==== Data excerpt ====
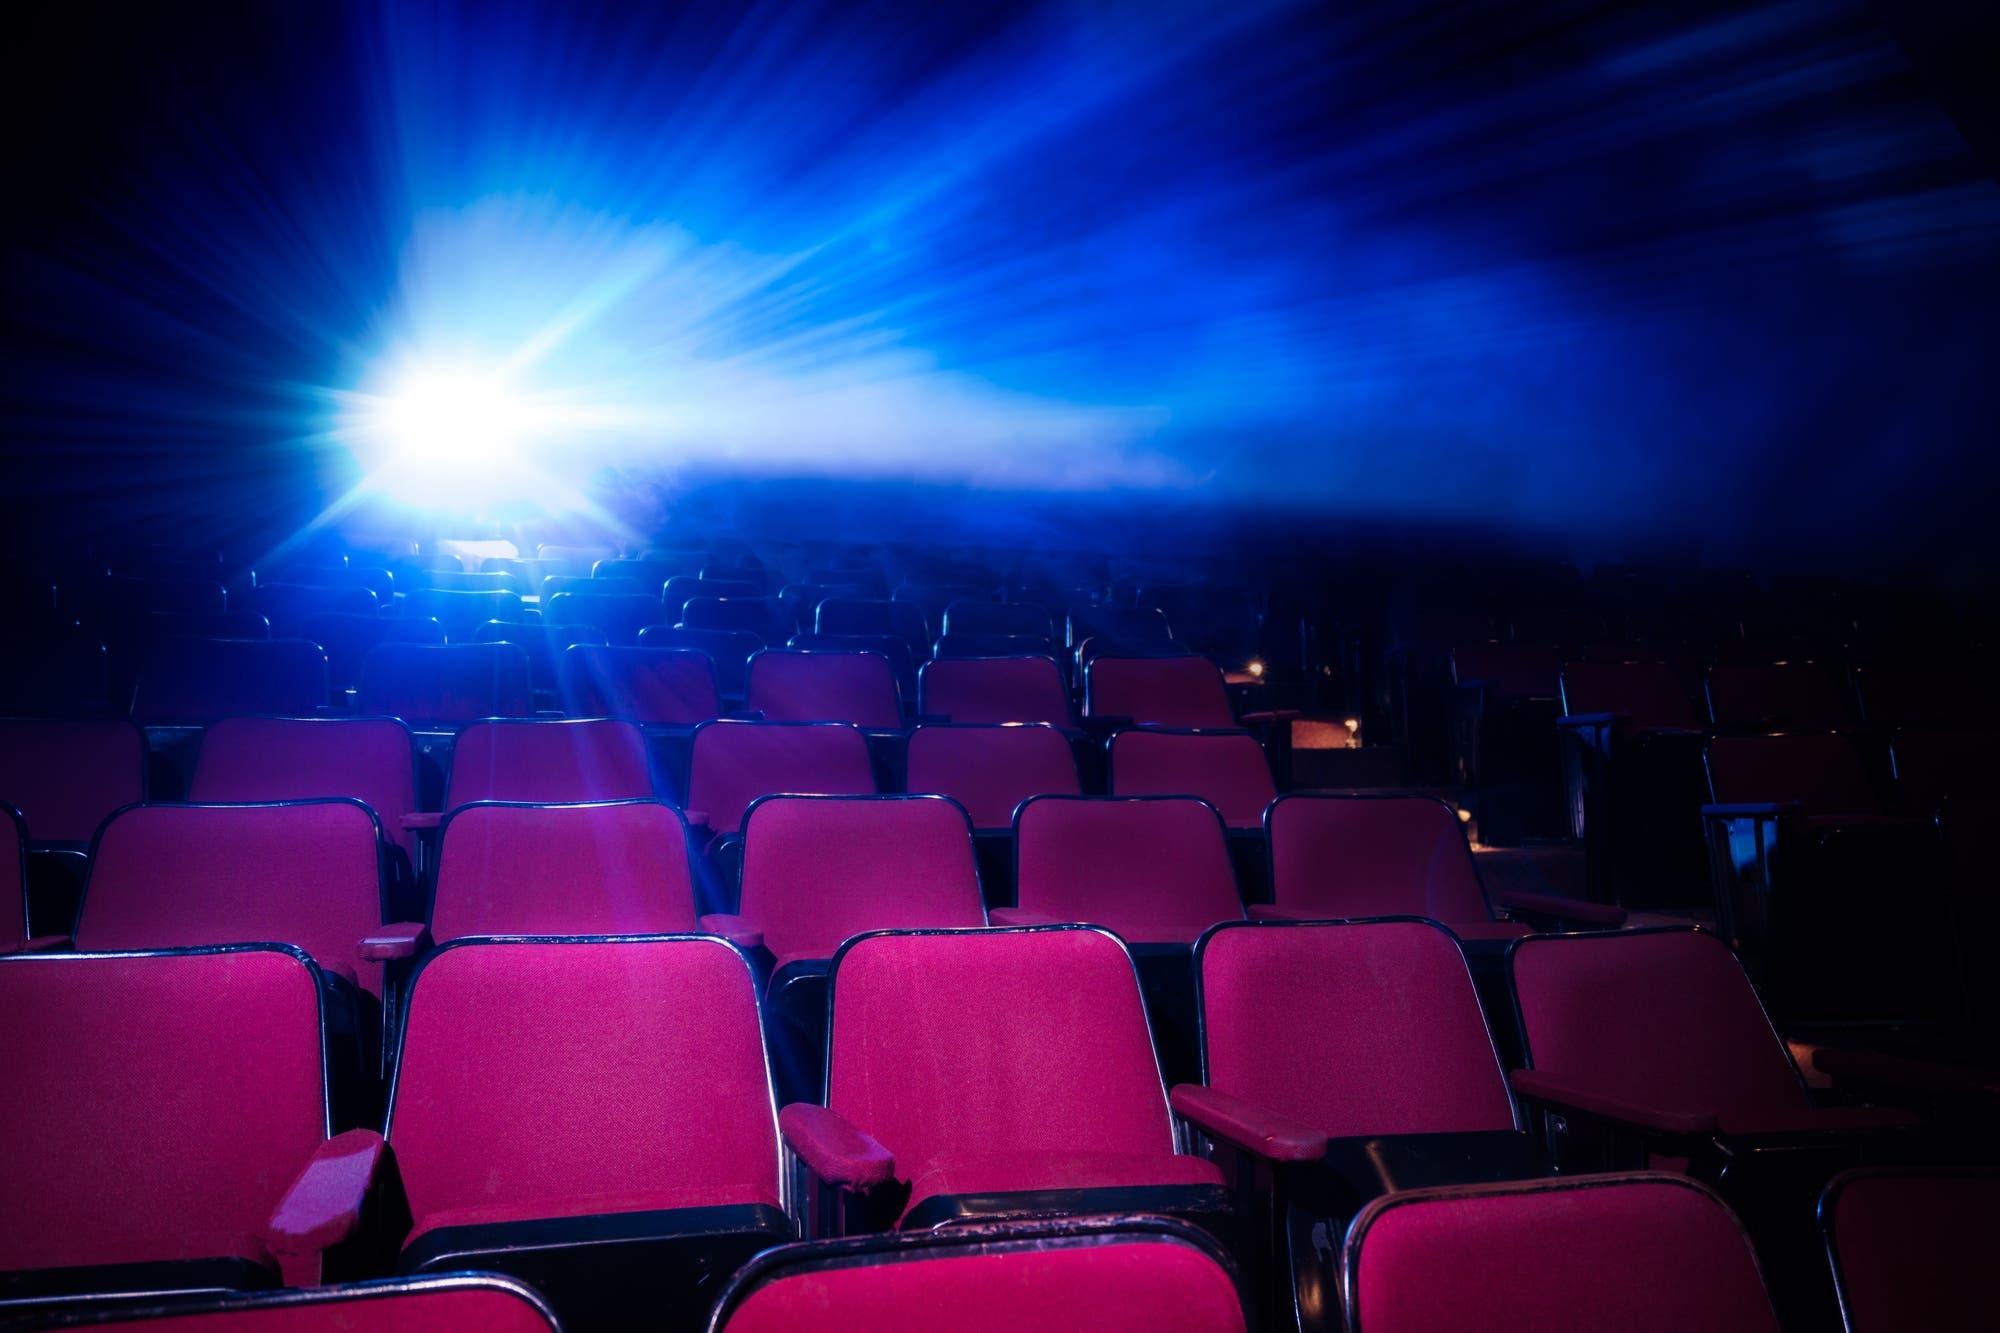 ¿Adiós al proyector? El cine del futuro podría ser una pantalla 4K
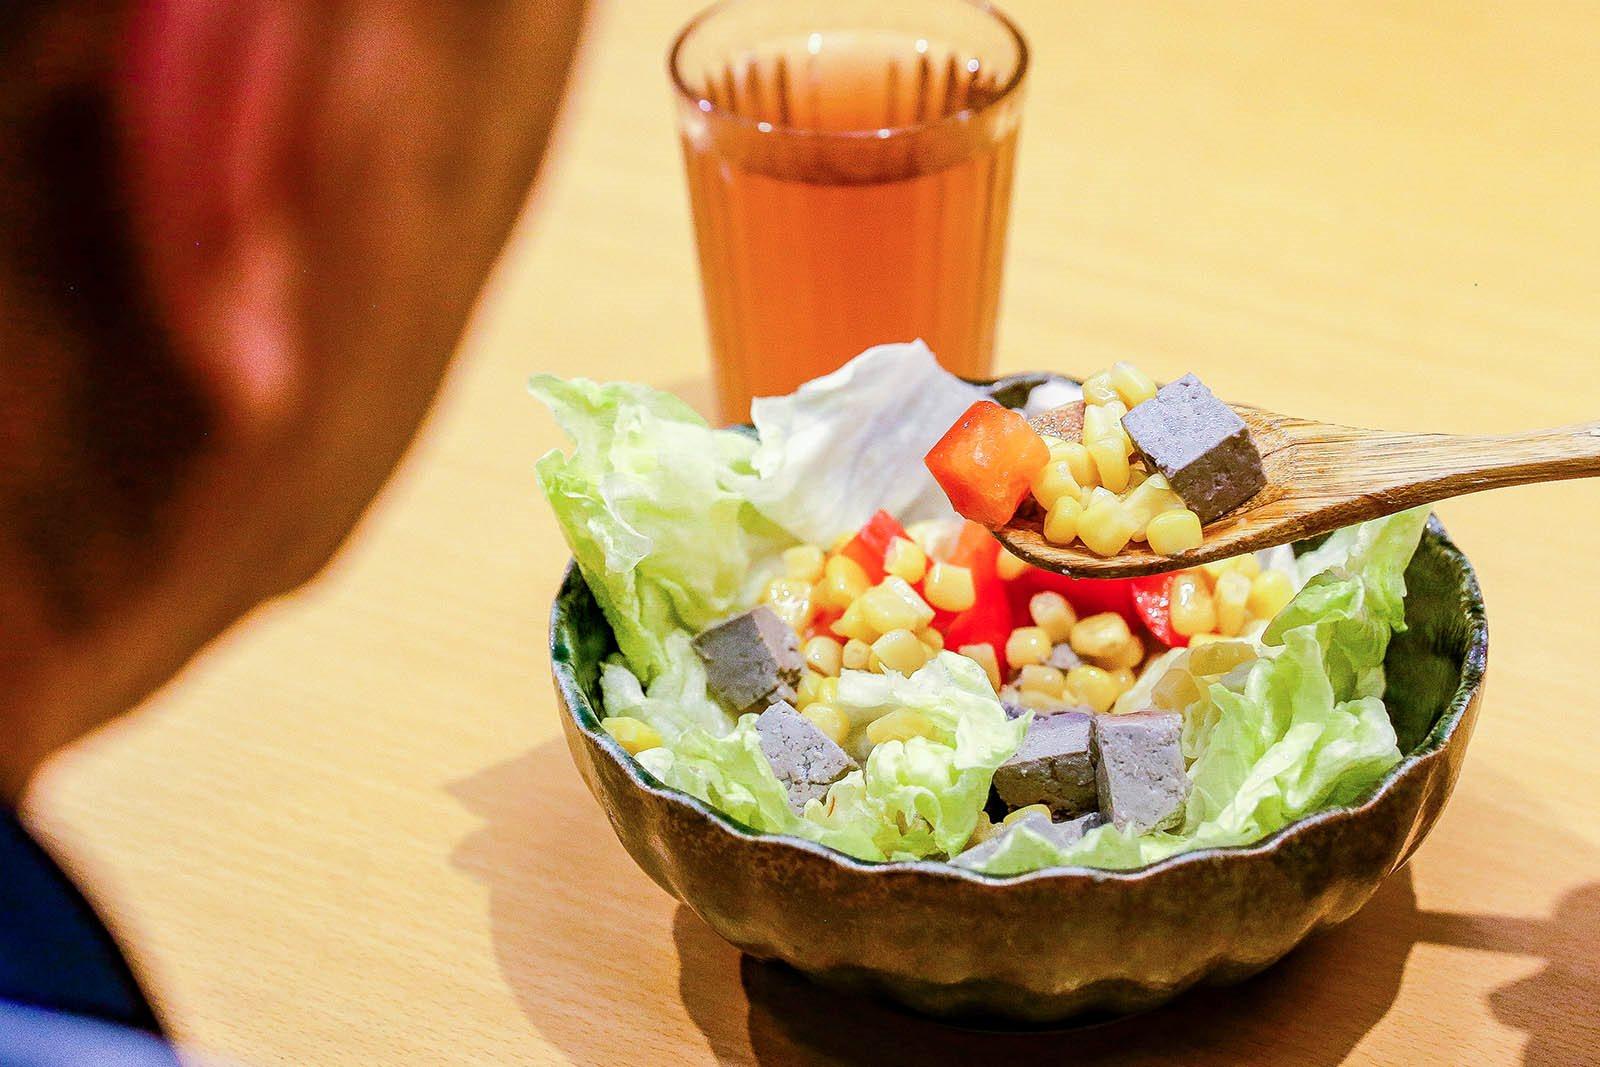 人氣推薦!夏天健康涼拌菜加入禾乃川國產豆製所鹽鹵豆腐
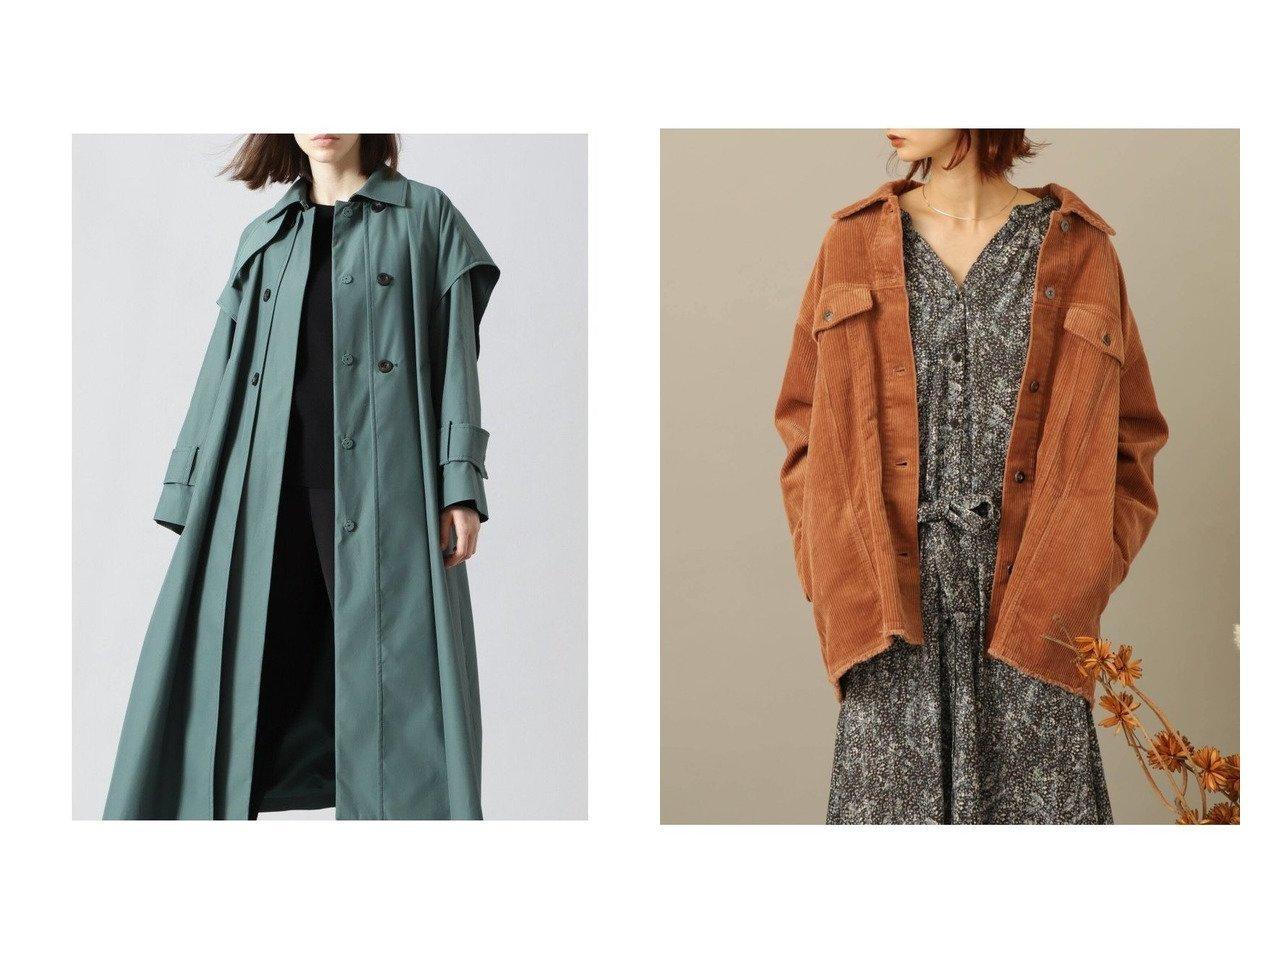 【SENSE OF PLACE / URBAN RESEARCH/センス オブ プレイス】のコーデュロイワークジャケット&【ADORE/アドーア】のレイヤードコート アウターのおすすめ!人気、トレンド・レディースファッションの通販 おすすめで人気の流行・トレンド、ファッションの通販商品 メンズファッション・キッズファッション・インテリア・家具・レディースファッション・服の通販 founy(ファニー) https://founy.com/ ファッション Fashion レディースファッション WOMEN アウター Coat Outerwear コート Coats ジャケット Jackets シャンブレー ジャケット ビッグ ロング コーデュロイ セットアップ ワイド 秋 Autumn/Fall |ID:crp329100000014497
====
* **Task item**
Repeat the listing in full and to the letter, excluding every image.

* **Result of the task**
 ¿Adiós al proyector? El cine del futuro podría ser una pantalla 4K
 人氣推薦!夏天健康涼拌菜加入禾乃川國產豆製所鹽鹵豆腐
 【SENSE OF PLACE / URBAN RESEARCH/センス オブ プレイス】のコーデュロイワークジャケット&【ADORE/アドーア】のレイヤードコート アウターのおすすめ!人気、トレンド・レディースファッションの通販 おすすめで人気の流行・トレンド、ファッションの通販商品 メンズファッション・キッズファッション・インテリア・家具・レディースファッション・服の通販 founy(ファニー) https://founy.com/ ファッション Fashion レディースファッション WOMEN アウター Coat Outerwear コート Coats ジャケット Jackets シャンブレー ジャケット ビッグ ロング コーデュロイ セットアップ ワイド 秋 Autumn/Fall |ID:crp329100000014497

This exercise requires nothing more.